The counterargument is very strong. It's unfair to spend a large amount of time, effort and money curating a quality set of synthetic data, and then to have others immediately use it, depriving you of the uniqueness all that cost and effort brought.
But when things are done behind closed doors contamination inevitably creeps in, because without a large number of eyes scanning the data it's all but impossible to ensure clean data, as JosephusCheung pointed out earlier.
Perhaps a delayed release of all methods and data within a month or two would be a good compromise.
And frankly, I keep making things worse because of my harsh personality, and even had to delete about a couple dozen comments after crossing the line. This is part of the reason why others like ehartford are quick to anger with me.

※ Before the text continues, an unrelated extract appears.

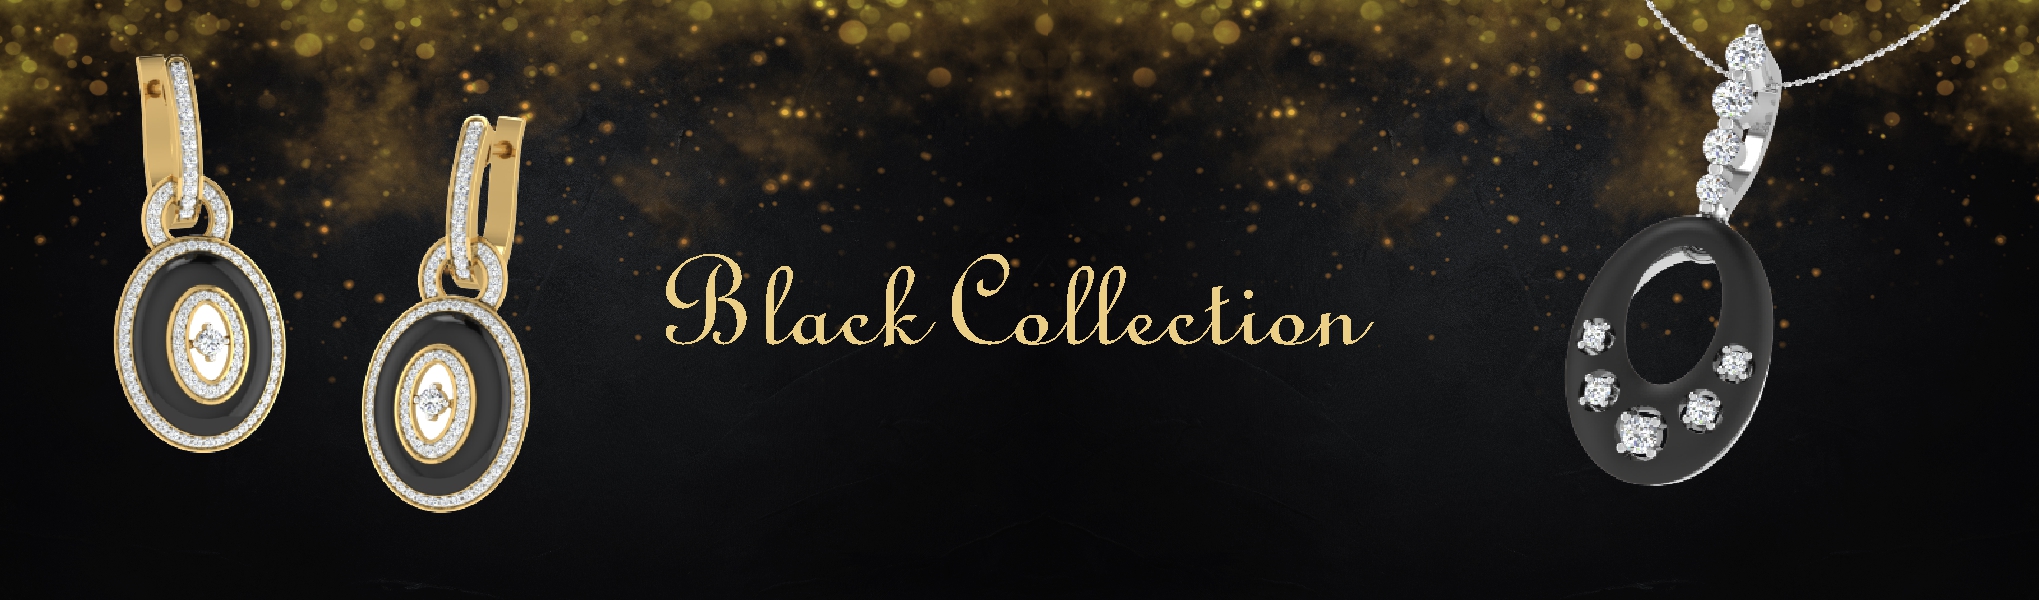 black collection

It's not just because they object to constructive criticism and feedback.
After a discussion with a companion today, I arrived at a simple solution: we just need to find a way to lower the MMLU score to a level that no one will object to, for example, by forcing output in CoT format for all responses instead of directly giving answers from time to time, thereby reducing the false positive accuracy.
We are all sinners, Happy Easter.
Come on now!, why end the discussion in such bad faith :(
You told Phil that you understand that he is not acting out of malice, and I'm not even sure you read his response.
Perhaps a delayed release of all methods and data within a month or two would be a good compromise.
Doesn't that sound reasonable, at least the idea if not the timeframe?